Hypothetically the police give me a Police report number that I can access at police.gov/crimes/:reportno
I discover if I increment/decrement these I can get ALL reports. I then build a cool mashup of crimes in the area on a google map.
It turns out the police didn't intend that, am I now a criminal (because of the polices intent)?
"Attacking" - are databases people? Do they have rights?
I'm stumbling around trying to figure out what the right balance is too, but I think the existing laws we have around fraud and privacy are all that we need. That is, we don't need to criminalize accessing inadvertently public information; we just need to criminalize exploiting it.
Exploiting it is criminalized. Exploiting it is harder to detect and enforce. It is easy to read server logs and parse them for crimes. Lazy man's way to enforce the law.
What weev did was quite different in that he accessed this web service in exactly the way it was intended. Even if he was not the intended consumer of this data, his attempted access never exceeded the defined and expected parameters of the API he was accessing. Furthermore, he didn't circumvent [1] any access restrictions; rather, access restrictions were never imposed. weev had no information available to himself as to AT&T's intent to disclose or not disclose customer emails; as far as he was concerned, the existence of this API could have been a purposeful and not simply negligent disclosure on the part of AT&T.

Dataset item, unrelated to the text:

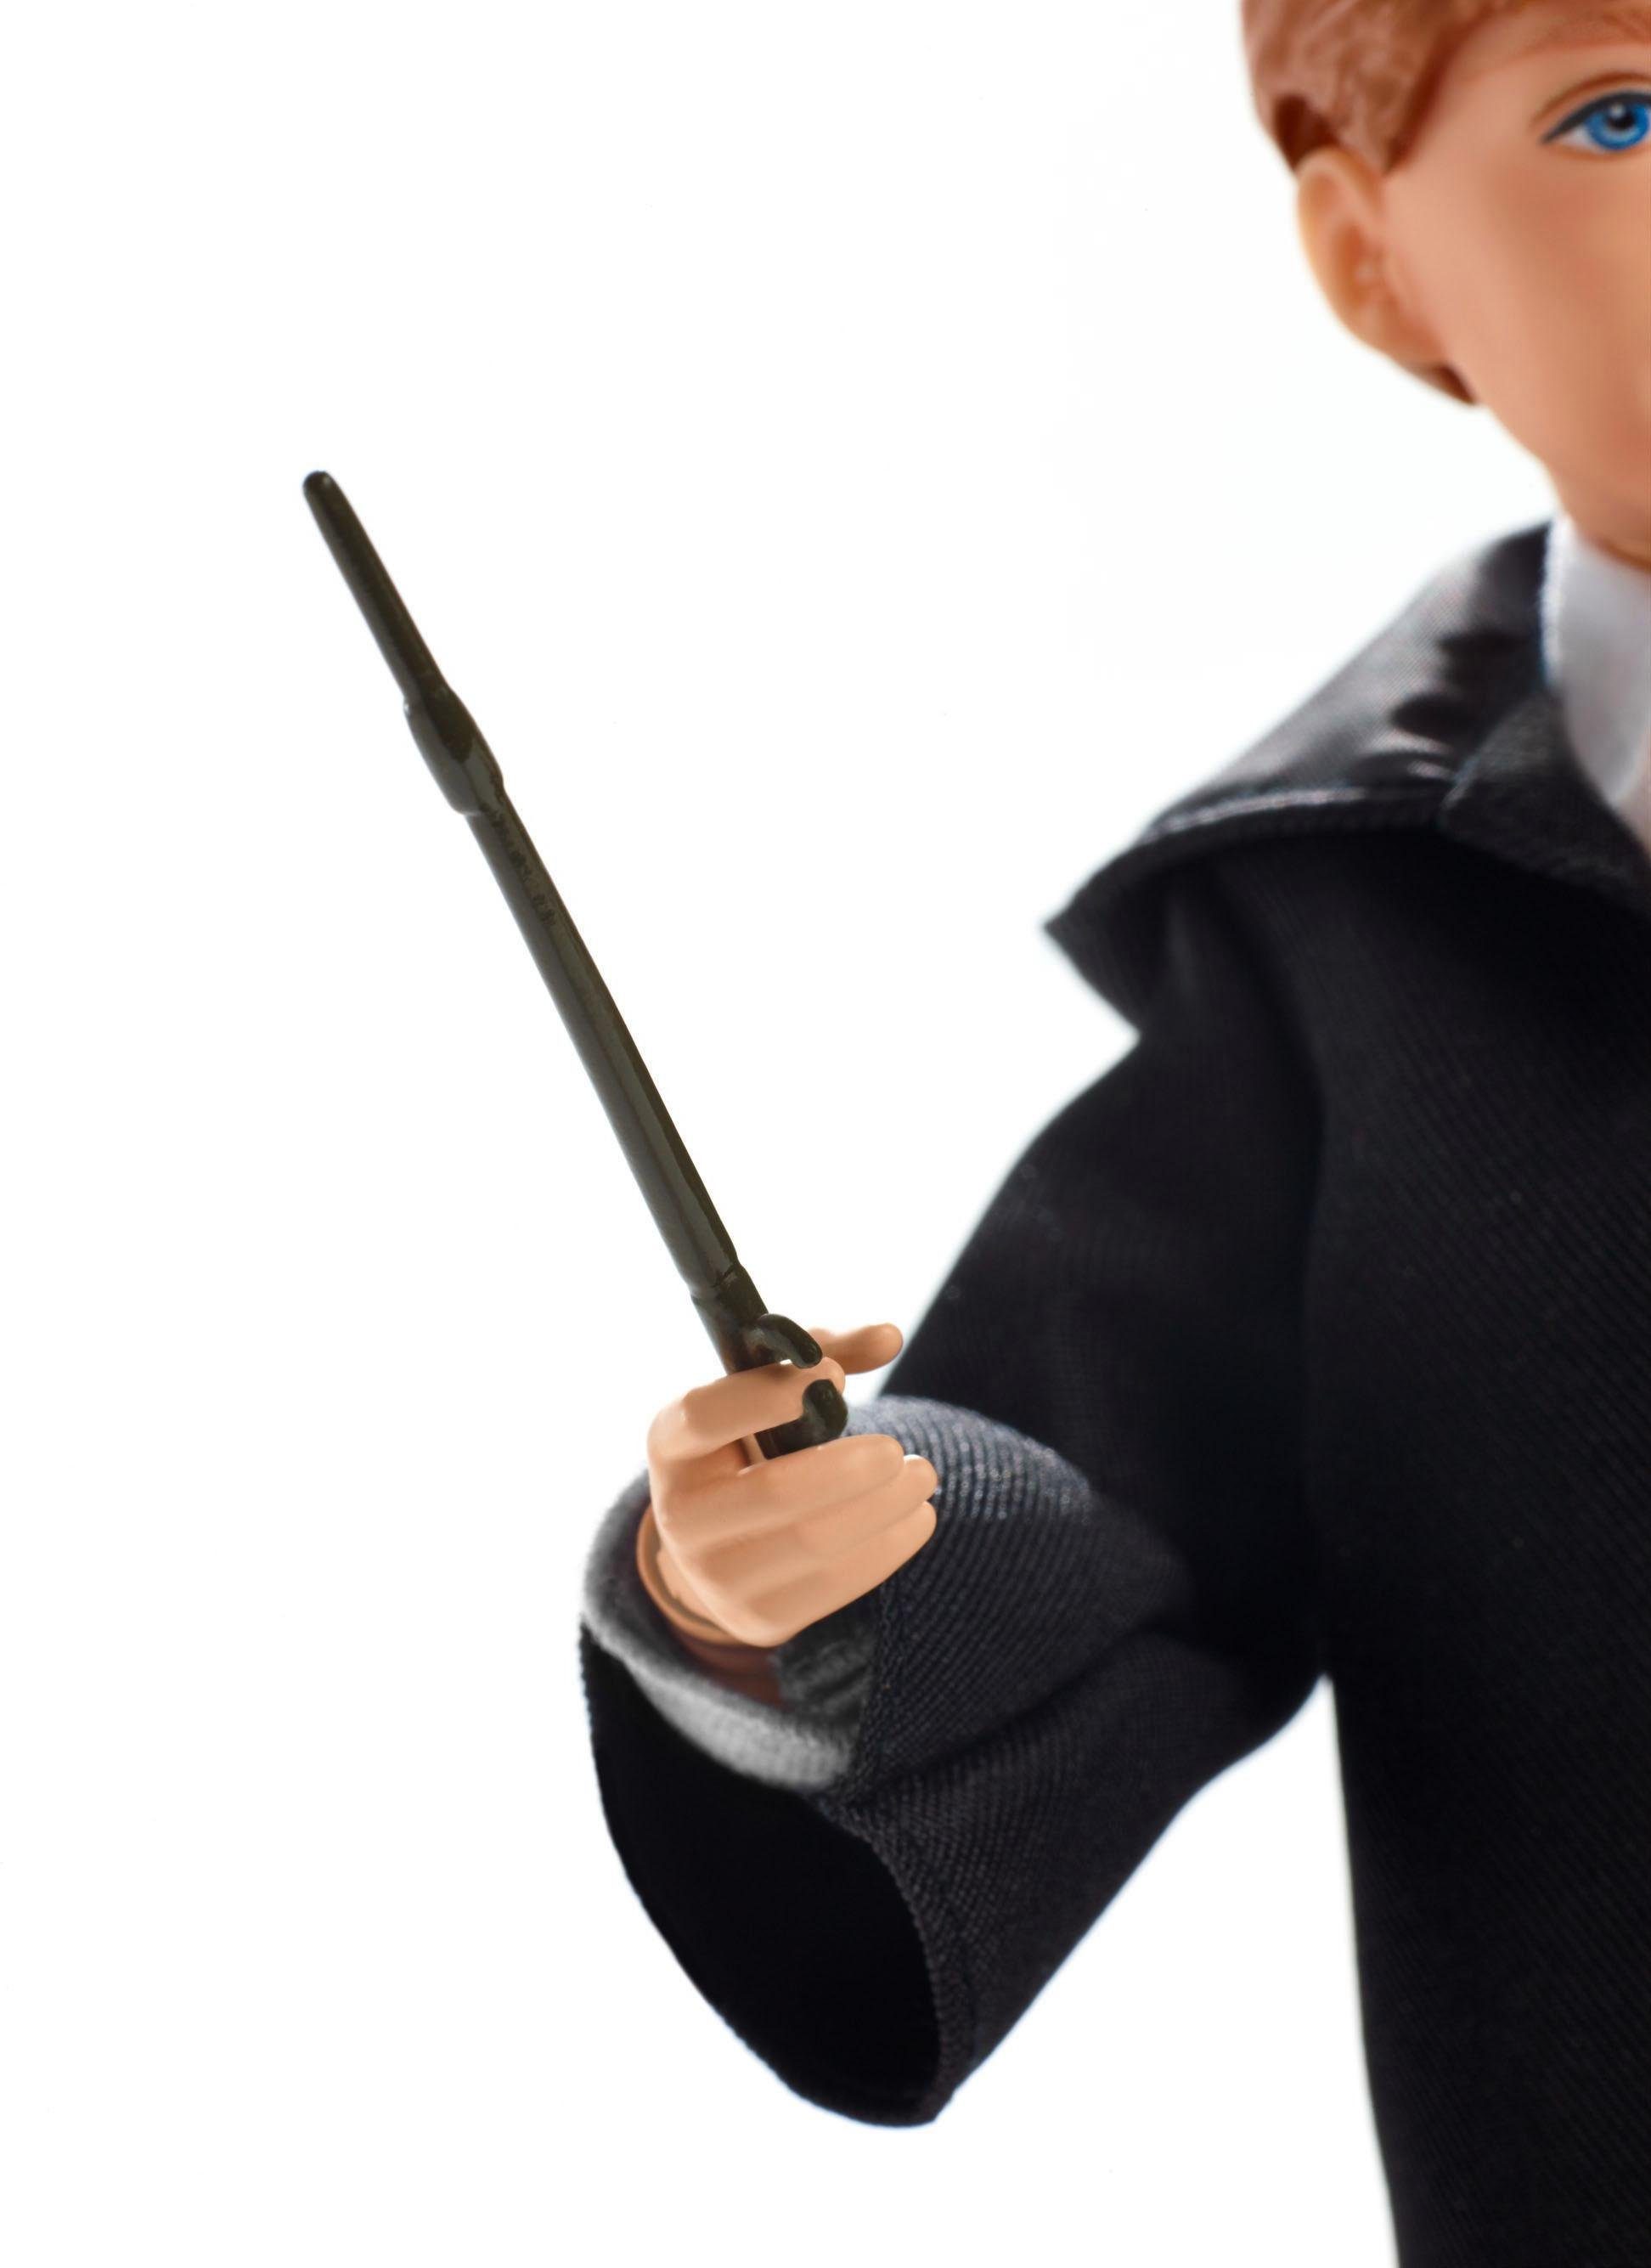 Potter und des Kammer Schreckens Mattel® Die - Ron Anziehpuppe Weasley Harry

I think that the reason that the weev case rankles is that web developers do this kind of thing all the time. What is the difference between what weev did here and Padmapper did when it built a product on top of Craigslist's data? Despite Eric DeMenthon's protests to the contrary, a strong argument to could be made that Padmapper's intent was to cause severe commercial harm to Craigslist, which is conceivably why he got sued. In spite of the civil case, however, criminal charges are almost unthinkable.
Also, how often do we read about someone's project being hampered when a private Google API is turned off? [2] Anyone that builds a commercial product on top of something like this would be deemed a fool, but I've never seen anyone accuse a developer who is using this kind of API of acting criminally.
What is the difference, under the law, between someone accessing a private Google API and the private AT&T API that weev accessed? As a web developer with zero documentation, zero information beyond simply knowledge of the API URL's existence, there is no apparent difference beyond what content was being served by these APIs. So, if that is the case, at what point should web developers accessing undocumented APIs begin to be concerned about their criminal liability?
[1] Shouldn't it be circumvention not authorization that that defines criminal access under the law?